Records of three measurements per subject were gathered for a sample size of n = 52. Evalu@ (15) was employed in the data collection tasks to generate real-time statistics and instant remote monitoring. The three experts yielded normal distributions for their manual MHC estimations on 27 males, 25 females within the age range [8–216] months old. We tested the distributions for normality by analytical means using kurtosis, skewness, and the Shapiro-Wilk test. We also verified statistical equals of variance (Leneve test), thus fulfilling ANOVA implementation requirements. Finally, testing statistical differences in the MHC among operators was calculated for a significance α = 0.05.
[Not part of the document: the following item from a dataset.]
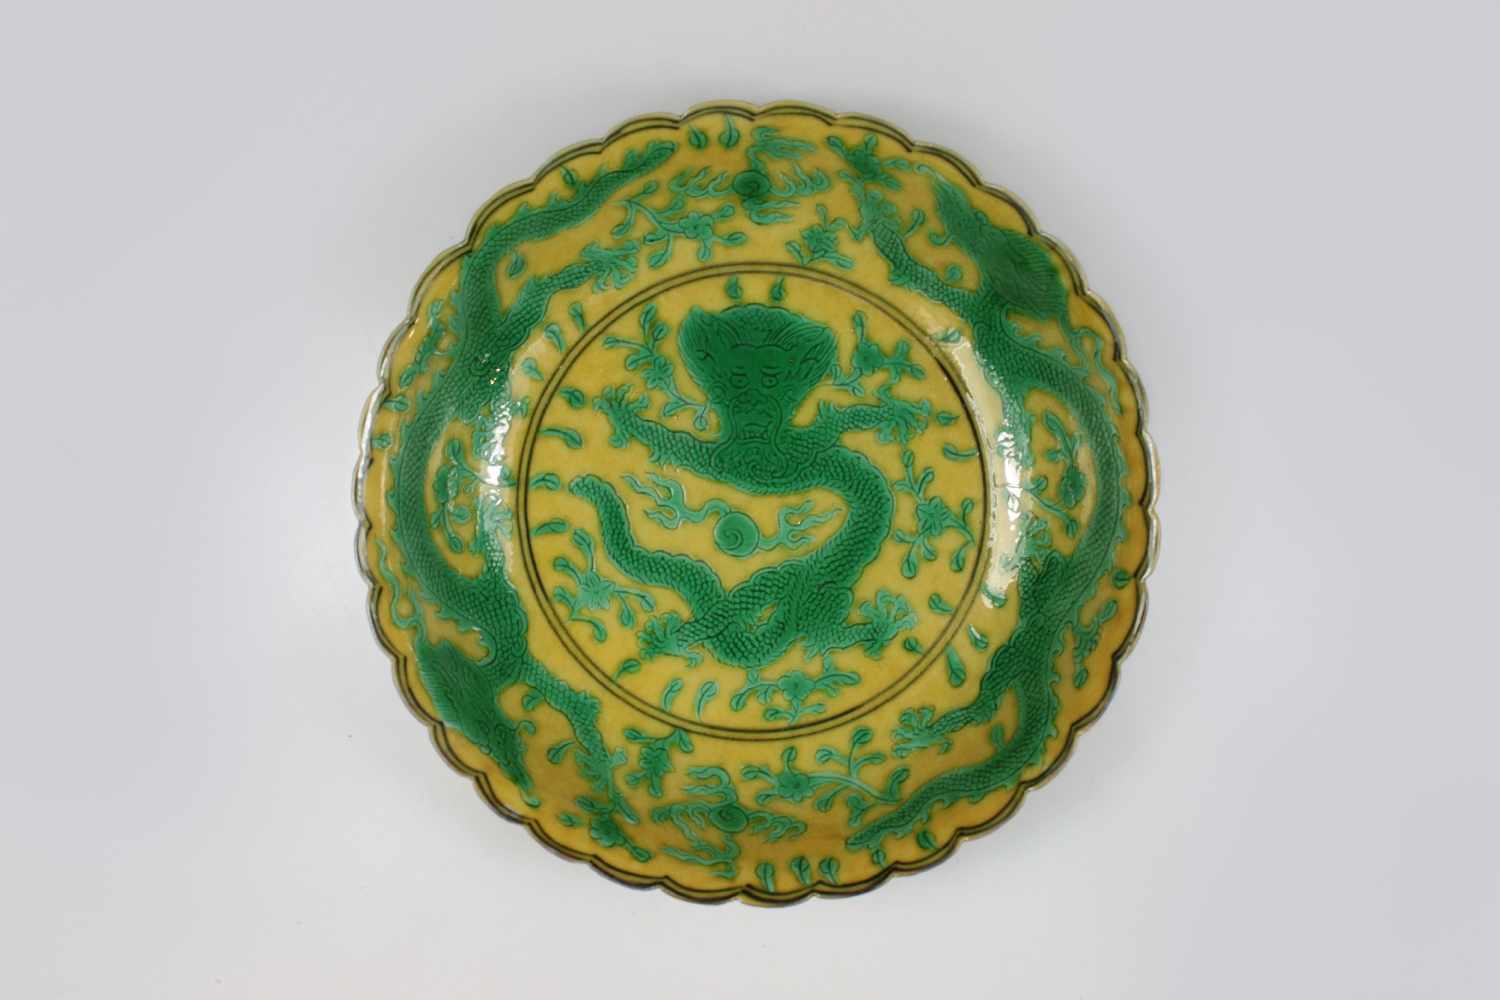 Kleiner Teller, China 18. Jh., Drachendekor in grün auf gelbem Grund, Sechszeichen-Siegelmarke

2.2. Phantoms and Synthetic Data Acquisition
We created two 3D structures of 10 and 4 rings (see Figure 2). Both structures were built with rings of 5 mm thickness, and each ring had a different circumference. The perimeters in the structure with ten rings encompass the typical mean head-circumference values registered in the Nellhaus plot for ages ranging from zero to three. The second structure with four rings embraces the Nellhaus circumferences from 3 to 18 years old. The physical structures were created in Blender® with rulers set in 100 μm, saved in StereoLithography (STL) format, converted to Gcode using CURA, and 3D printed with a resolution of 100 μm. Next, the 3D models were used to create MRI phantoms. These MRI phantoms were scanned using typical clinical values for in-plane resolution (0.5 x 0.5 mm). In turn, the Z-axis was scanned at 1mm without spacing, so five slices per ring were obtained. The rings' slices followed the same pipeline presented in this manuscript to obtain the patients-skulls' circumferences. Analytical values of circumference secondary to measuring diameter with a caliper (precision = 0.1 mm) in the 3D objects and the measurements obtained in the phantom's images are compared to extract the systematic errors induced by the image-based-measuring instrument. A reference to the geometrical technique used to measure the circumference is presented in the discussion to justify the use of perfectly circular shapes in the characterization of non-perfectly circular shapes, as seen in the human's cross-sections skull.
Figure 2
2.3. Clinical Data Acquisitions
Magnetic resonance T1-weighted images of 49 children underwent the methods that involve the automatic tool to estimate the MHC. Trained technicians acquired the images in a Philips Achieva 3T scanner; gradient recalled sequence with mag prepared variant. The image parameters, such as voxel resolution, reconstruction matrix, repetition time, echo time, and averages used, are not uniform among the studied sample. We provide a record of voxel dimensions' variability in Table 4.
2.4. Image Processing
Image processing was employed to automatically determine the MHC from medical images within the clinical repository. The block diagram in Figure 3, presents a detailed description of the automation.
Figure 3
In Table 1, a step-by-step explanation of the method is provided to assert reproducibility. Block number in Figure 3 and the column step in Table 1 can be associated back and forward. A video running the presented method in a python notebook is provided as Supplementary Material.
Table 1
| Step | Description |
|---|---|
| I | Images are moved after anonymization using the development presented in (14). |
| II | Image reshape and linear transformation to scanner coordinates is accomplished with Python - nibabel package (16). |
| III | Python is linked to the Functional Magnetic Resonance Imaging of the Brain Software Library (FSL) (17) using the nipype package (18). |
| IV | With FSL's functionality, surface extraction is asserted through the BET command. |
| Va | Recover brain mask. |
| Vb | Recover out-skin mask. |
| VIa | Calculate the maximum area in the axial sections found in the whole volume. The max area unit remains in pixels. |
| VIIb | The perimeter was derived from an ultra-fast hardware implementation in “Design and FPGA implementation of a perimeter estimator” (7). |
| VIII | In step 1, the original voxel sizes are saved until this point is reached. The perimeter estimation is voxels is transferred to millimeters using the image resolution. The maximum area found in step VIa is used to pick the slice with the MHC. |
Description of the block diagram shown in Figure 3.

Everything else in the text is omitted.